● THE TASK: All lines in the records below from the line with "Recipe No Bake Chocolate Road Bars" through the line with "Ranger Sports Bag - Maroon" are to be given again exactly, both ends included; the pictures are to be left out.

● GIVEN DATA:

------------------------------

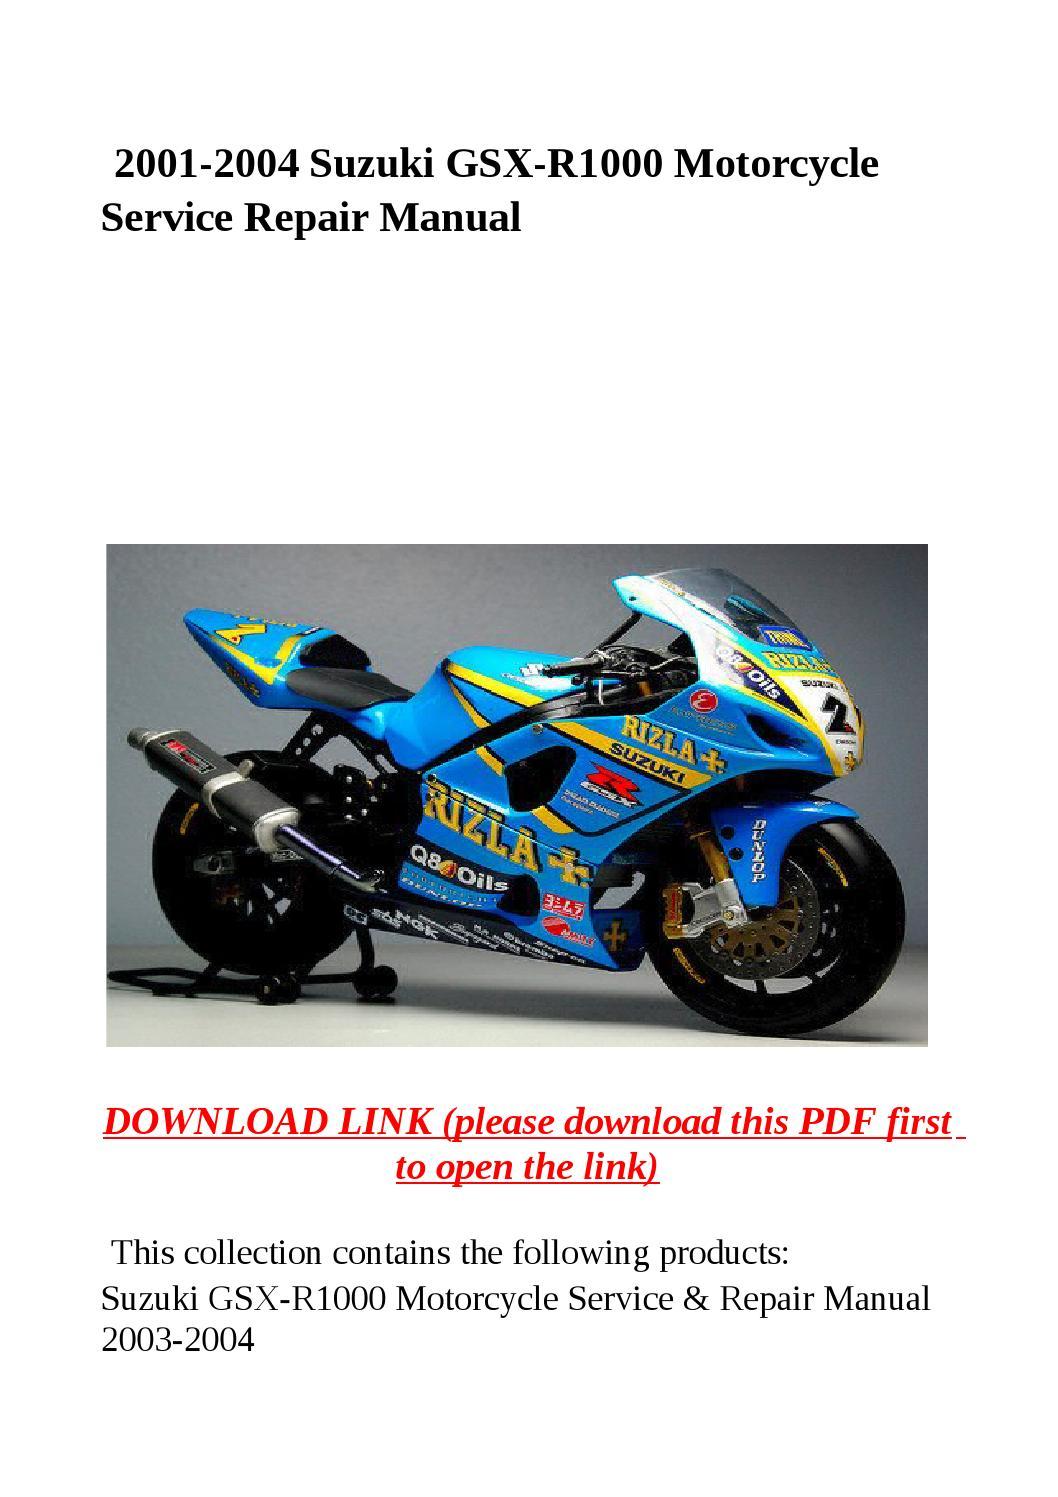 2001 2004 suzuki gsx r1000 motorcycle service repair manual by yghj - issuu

------------------------------

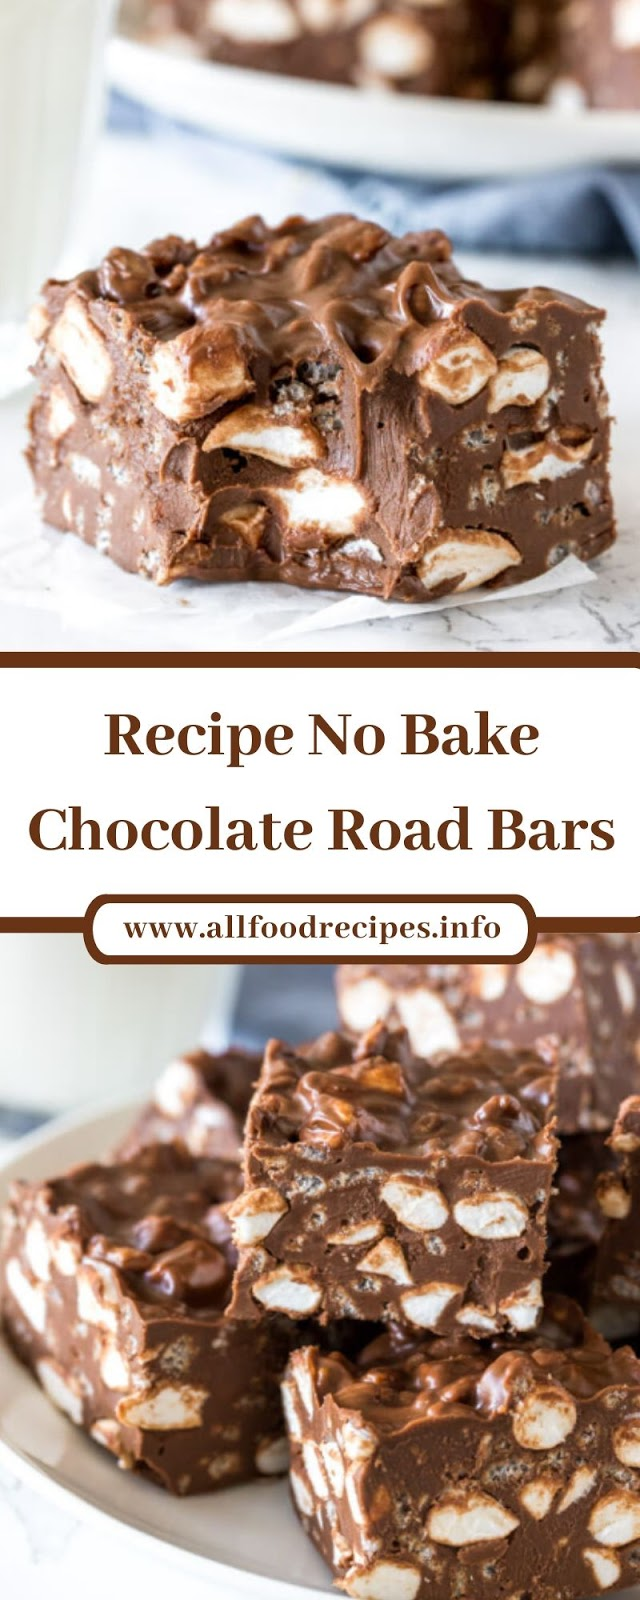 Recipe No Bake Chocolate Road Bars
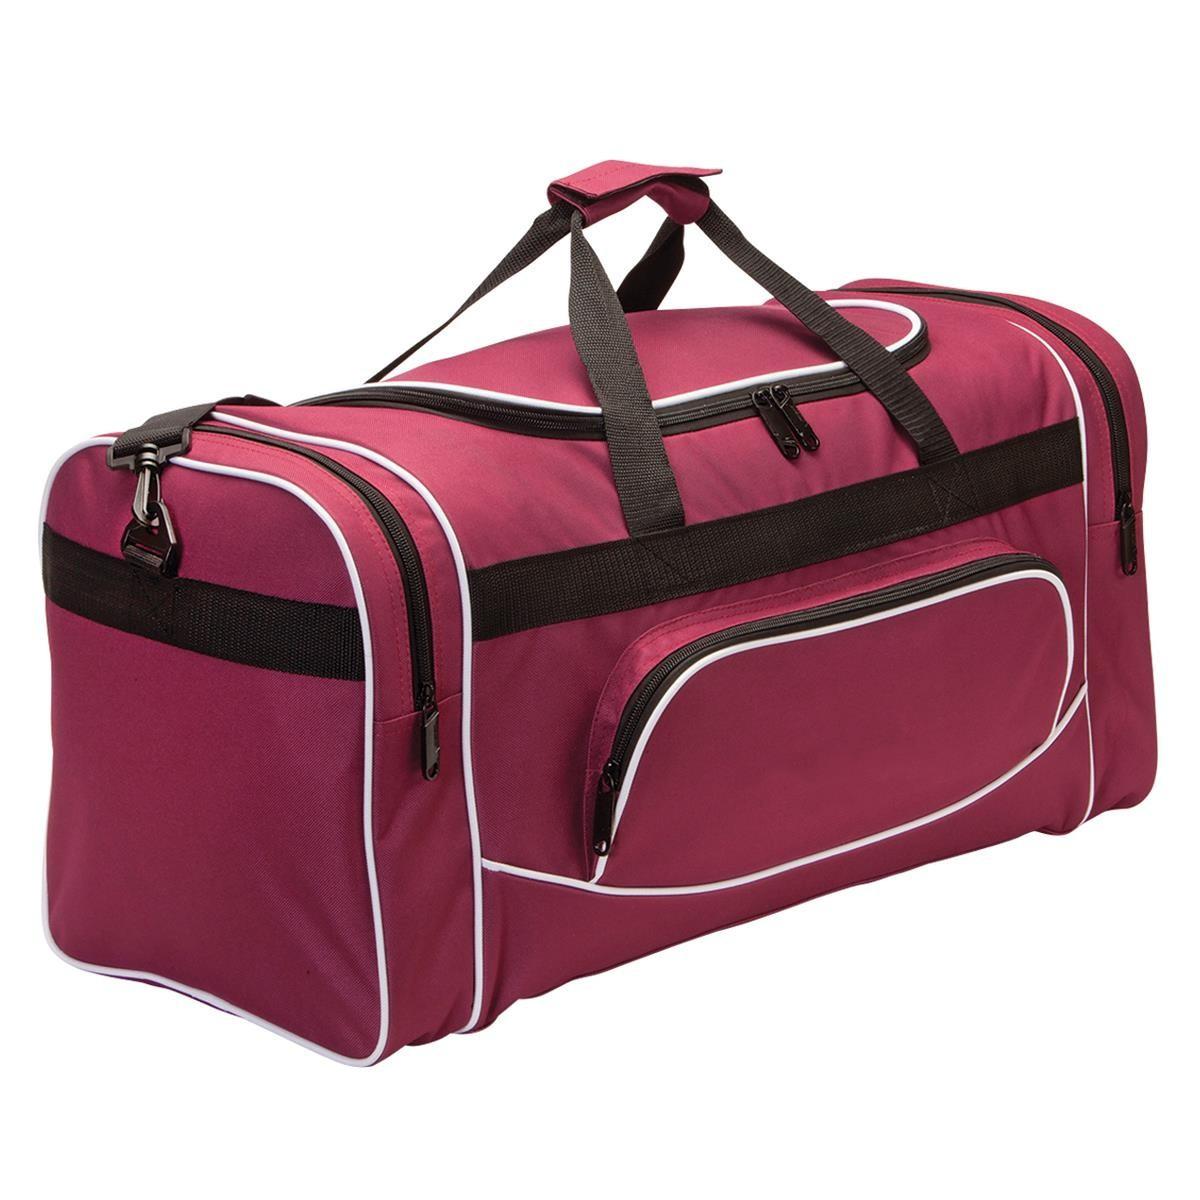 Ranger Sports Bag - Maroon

------------------------------

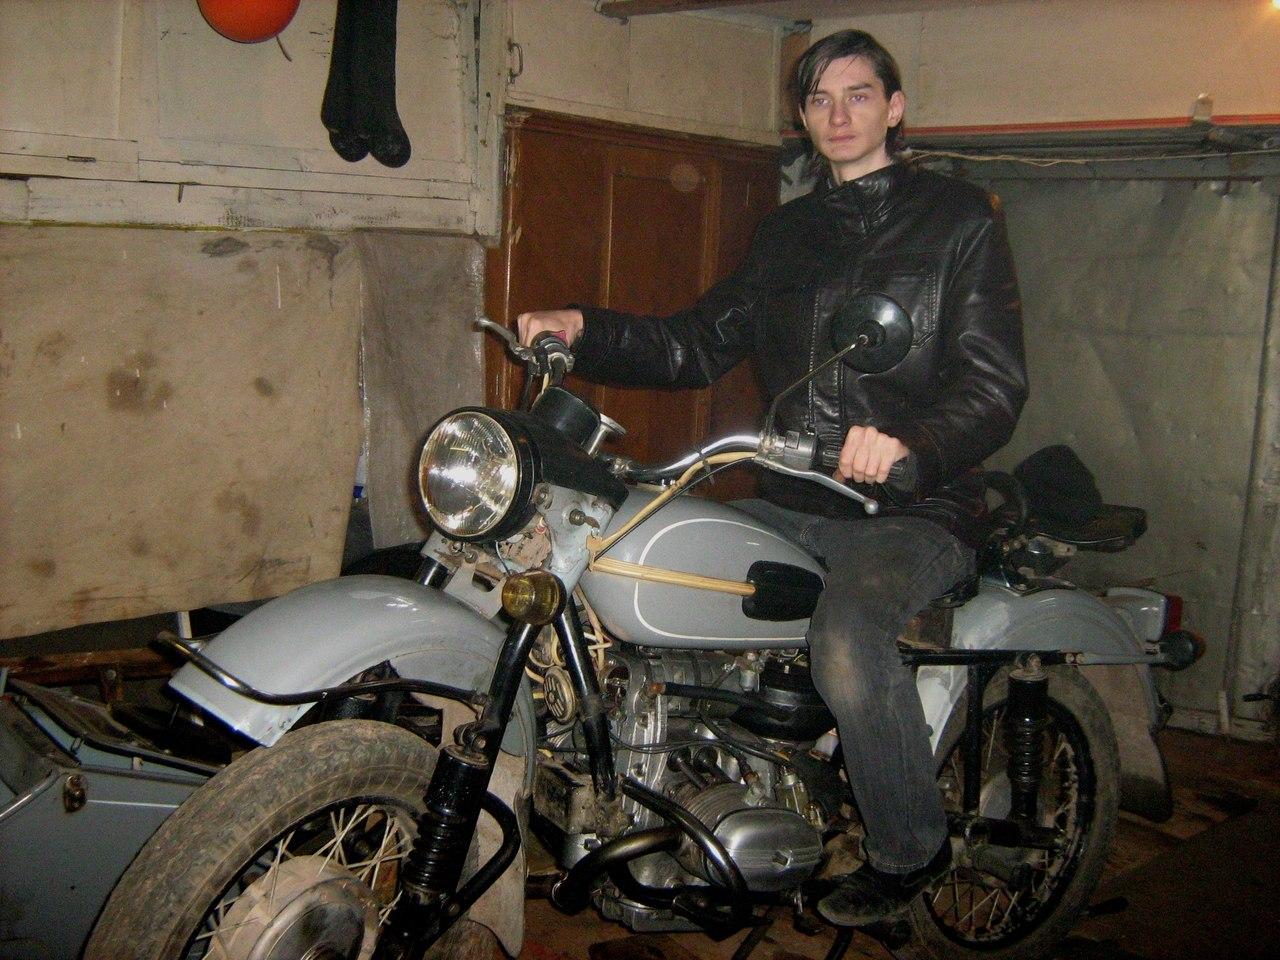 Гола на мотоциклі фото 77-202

------------------------------

● SOLUTION BELOW:
 Recipe No Bake Chocolate Road Bars
 Ranger Sports Bag - Maroon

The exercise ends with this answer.